After draping the pants over a second, mismatched chair, she takes up the lamp and crosses the room to gaze at him again. He looks much the same as he did when she found him, only then his head rested not on her pillow but on the corded roots of a spruce.
She bends over him for a closer look. His scalp has stopped bleeding, the fist-sized blotch no longer spreading through his gleaming hair. Both his eyes are swollen
shut, turning a glossy indigo-black. Like giant, blood-encrusted sutures, six deep scratches hold his eyelids closed. The two that cross over his pupils are longest, slashing down through his eyebrows and cresting the tops of his cheeks.
She’s never been one to flinch at the sight of broken skin. Castor was always scraping or gouging himself on something—her earliest memories include washing and binding his wounds. He never fussed. Even when she had to stitch him up, he just closed his eyes and nodded, as though she were telling him a story instead of leading a needle through his flesh. He was a lamb of a man. The only man she’d ever laid hands on, until now.
The Reverend Carl Mann drifts awake in darkness, tries to open his eyes and finds he can’t. “My eyes.” He struggles to sit up.
“Whoa,” comes a woman’s voice, “it’s okay, Reverend, you’re safe.”
“Who’s there?!” Half rolling out of bed, he lurches to a stand, upsetting something knee-height and wooden, sending whatever was on it smashing to the floor. Hot liquid scalds his bare feet. He dances and slips, crashing hard on something hairy and damp.
“Lie still,” the woman barks.
The pulse hammers in his ears. “Where am I?”
“Where do you think.”
It comes back to him in patches—driving north out of Mercy, leaving the car at the roadside, striding into the trees. “Are you—?”
“Bog Mary?” A smile creeps into her voice. “I am indeed.”
“What’s wrong with my eyes?” His hands seek them out.
“Don’t touch!”
He freezes. “What happened to them?”
“You tell me. They were like that when I found you. Lucky thing you went down close by—I had to drag you back here on that hide.”
He touches the bristling skin beneath him, feels his own crawl slightly in response. Then a sudden chill as he realizes she’s removed everything but his briefs.
“Your clothes were soaked,” she says, as if in answer to his thoughts.
He sits up carefully, the motion causing his face to throb. “I need a doctor.”
“No you don’t.”
“Yes I do.
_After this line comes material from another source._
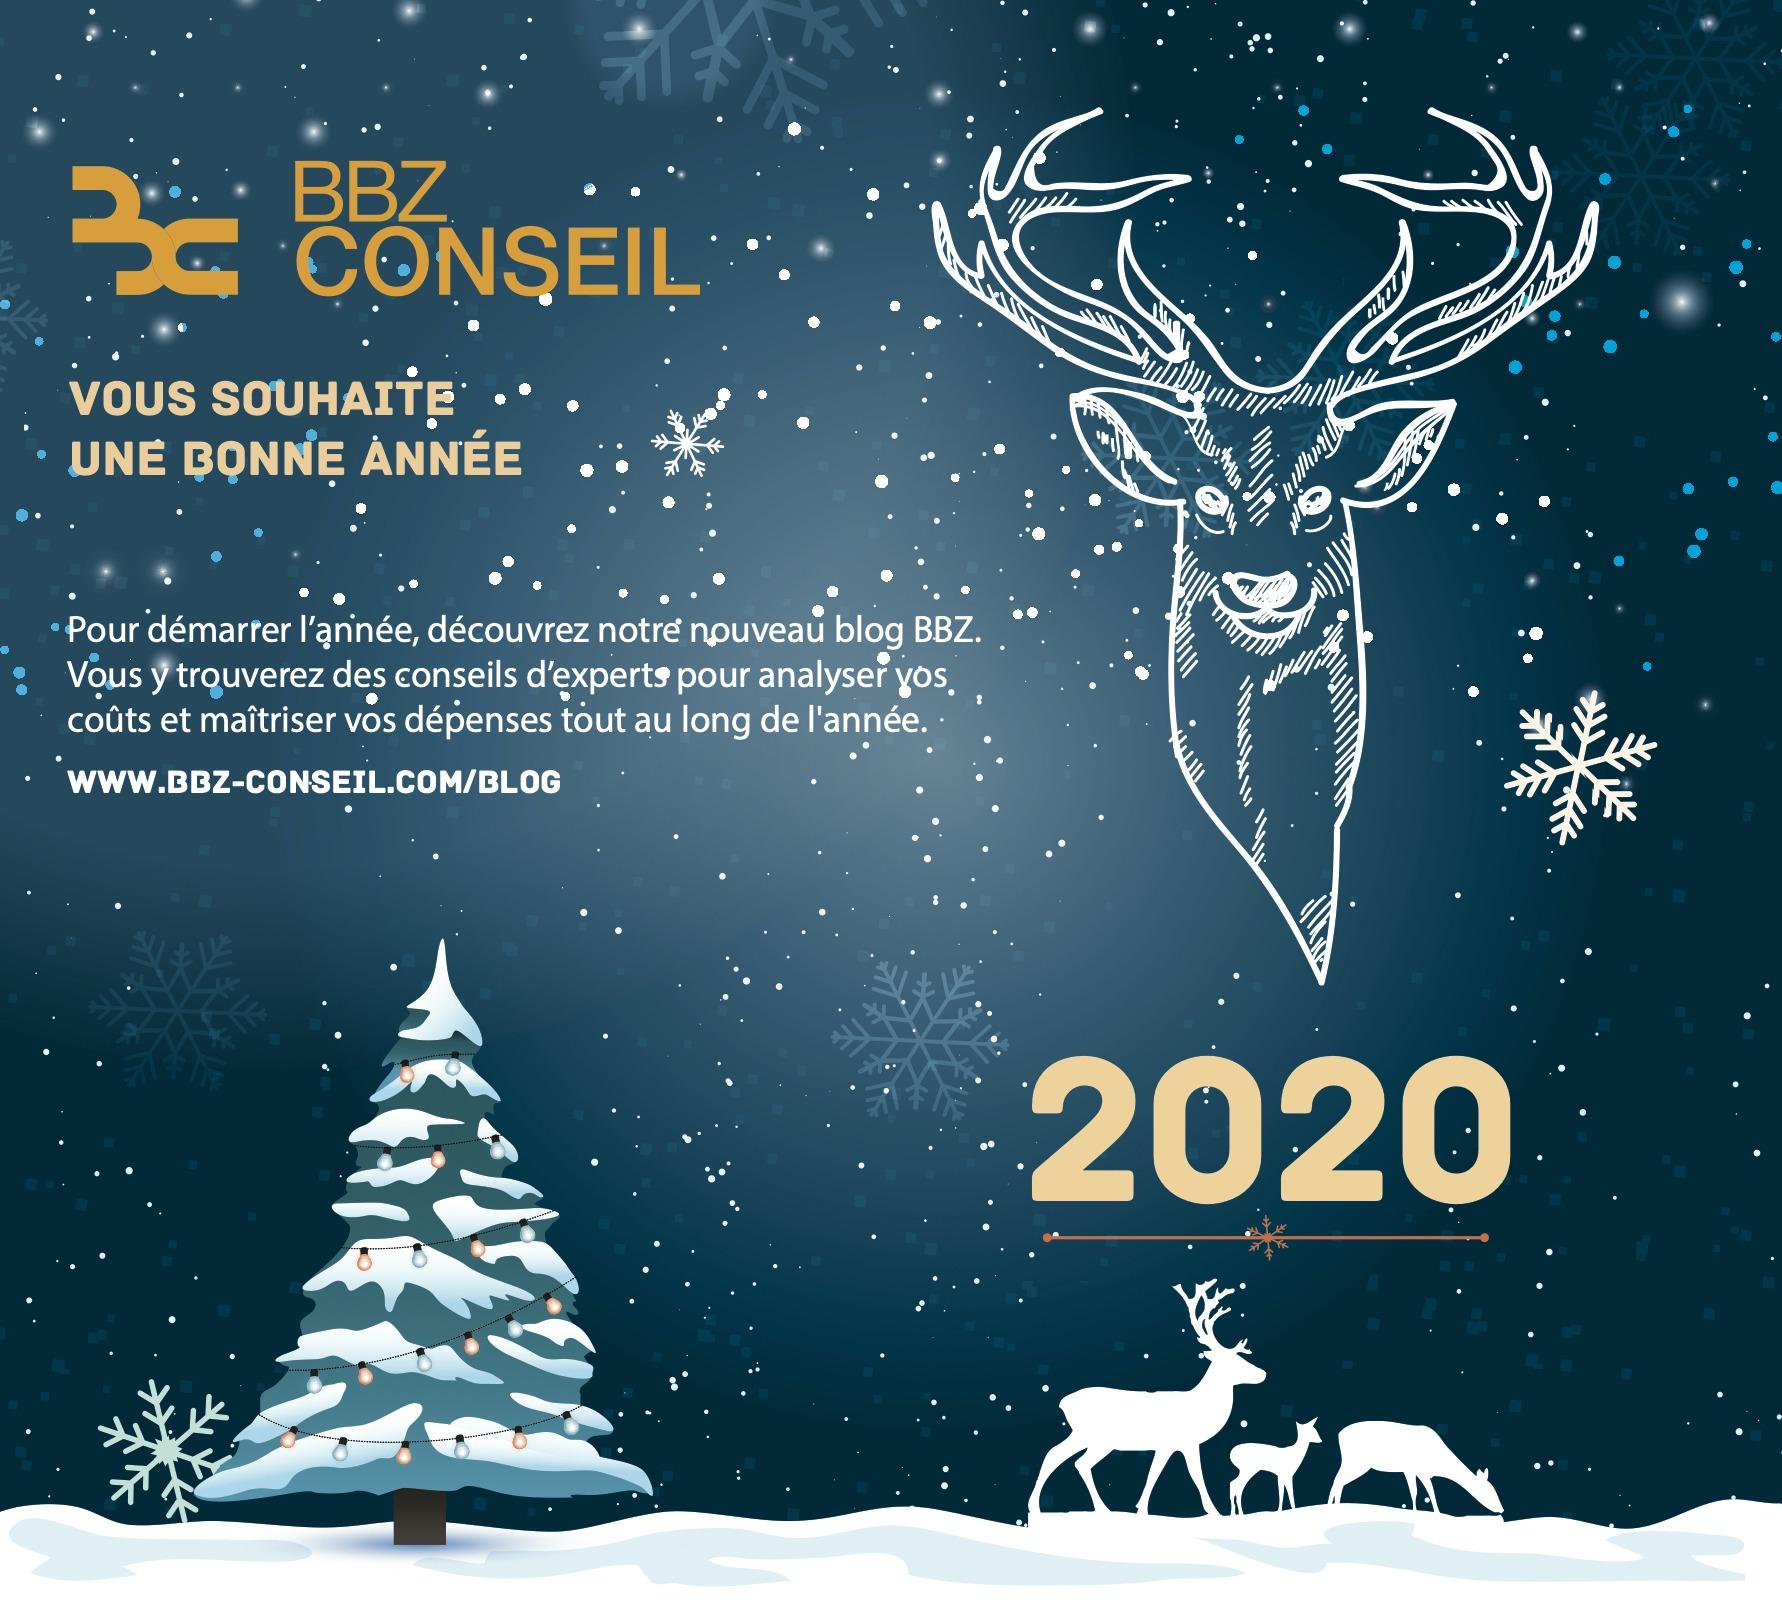 Carte de Voeux 2020 cerf blanc, BBZ cosneil

I’ve got to get back to town.”
She lets out a snort. “Ever been in a bog at night, Reverend? You got pretty messed up in the twilight, never mind the dark.”
The twilight. It all happened so fast—a rift in the forest before him, a sudden, gliding shade. He took three, perhaps four stumbling steps back, snagged his ankle in the undergrowth and fell. Blackness came with the blow to his head, overlaid with an impression, the faintest suggestion of wings.
“Besides,” she goes on, “for the time being, you’re blind.”
He feels gingerly for his swollen eyes.
“I said don’t touch.” Her fingers clamp tightly around his wrists, relaxing only when he lowers his hands.
“They’ll be all right so long as you do what I tell you. Okay?”
He nods, taken aback by her strength.
“Good. Now get back up on the bed and lie still.” She gives him a hand up. “That’s it, now lie back. There.”
Her scent is overwhelming, a musky freshness, like lowering the car window beside a lake. It confuses him. Given what he’s been told, he would’ve expected her to smell unpleasant, even foul. She pulls a coarse blanket up over his legs, her knuckles barely grazing his thigh.
“My phone,” he says, remembering. “I had a cellphone in my pants pocket.”
“Well, it’s not there now. You going to tell me what happened out there?”
He hesitates, unsure whether she’ll believe him, whether he fully believes it himself. “I tripped.”
“Face first onto a set of claws?”
His heart skips a beat. If it marked him, it must have been real. “I thought I saw something. Before I fell. Something was—coming at me through the trees.”